By Martin Plaut

Raymond Louw – editor and campaigner for press freedom in South Africa and CJA stalwart – has died aged 92. He was a towering figure: brave and resolute in the face of extraordinary pressure from the apartheid state.
He edited the Rand Daily from 1966 to 1978, a term which exactly mirrored the premiership of John Vorster, one of South Africa’s most notorious leaders. Under his editorship the paper had an unrivalled reputation for exposing the worst excesses of government. This included the Muldergate scandal, when the regime bought journalists and editors at home and abroad, in an attempt to improve its international image. During Louw’s editorship of the Rand Daily Mail, studies found more than 70 percent of the United Nations’ material on apartheid came from his newspaper.

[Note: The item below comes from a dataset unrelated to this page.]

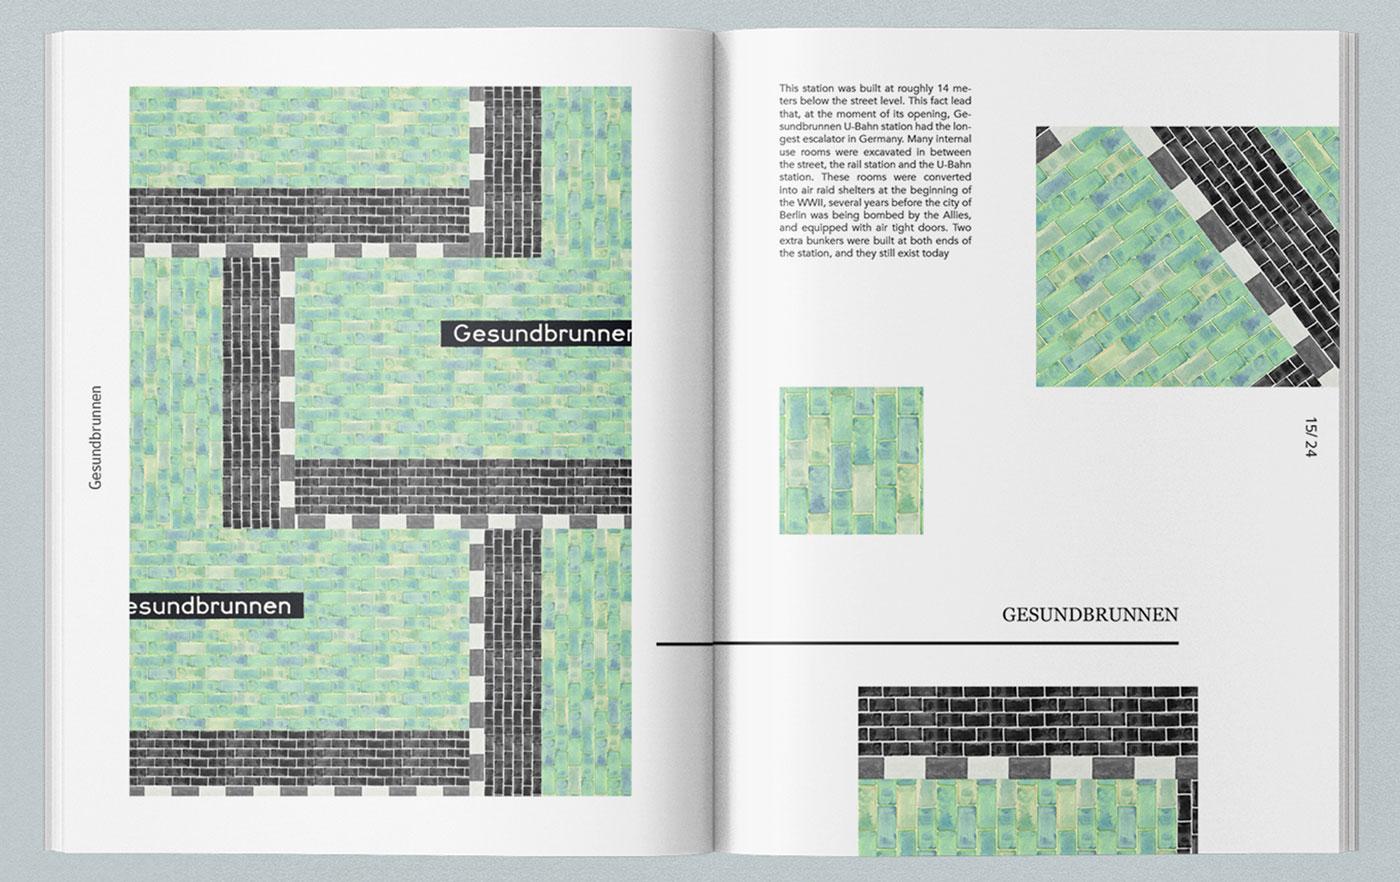 magazine_insides_pages-mockup-3.jpg
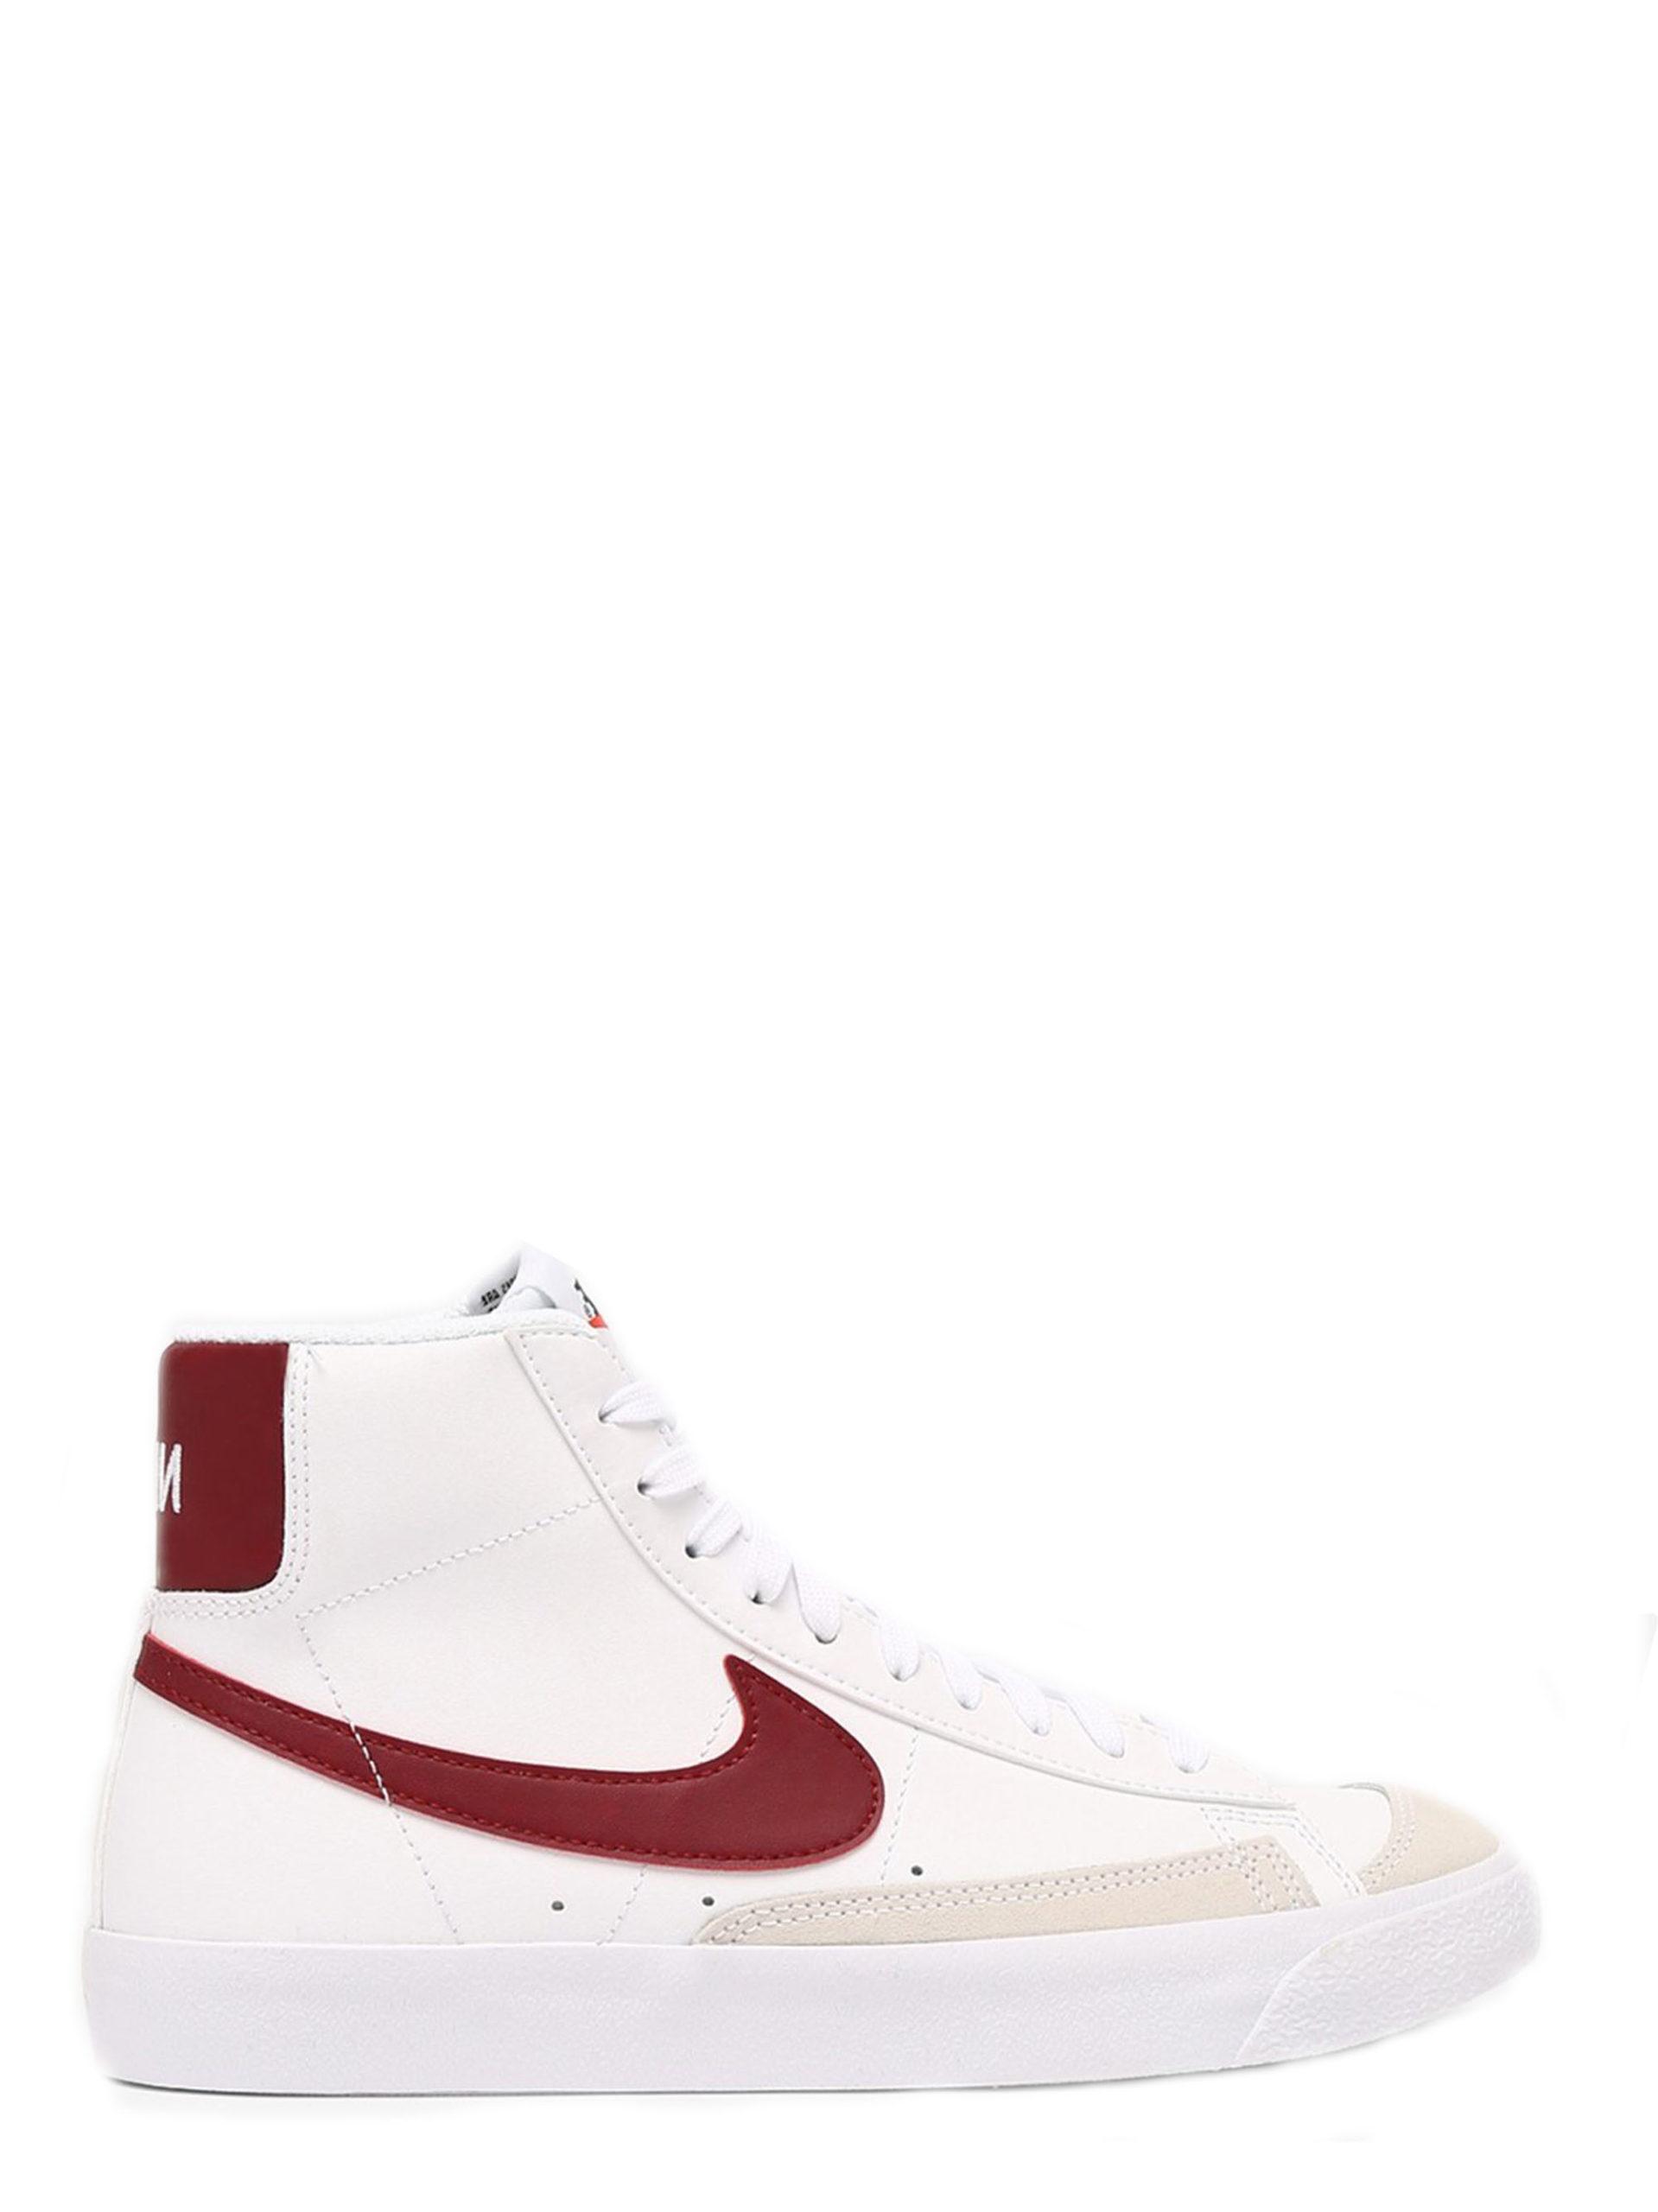 <p class='small-title'>NIKE</p>Blazer Mid '77 VINTG white/team red-white

After the end of apartheid Louw continued to champion press freedom. At the time of the country’s first fully democratic elections in 1994, he helped to lead the Independent Media Commission, which attempted (not always successfully) to ensure impartiality within the state-owned media. He helped found the Media Business Training Foundation at Wits University, which trained black business journalists. He played a prominent role in several international organisations – including PEN.
Margie Orford, the novelist and former South African PEN president, described him as a man of “such integrity, intelligence, principle and compassion”. She added: “He taught me how to hear the views of others with an open mind and open heart. He was unfailingly courteous and patient but on matters of principle he was uncompromising.”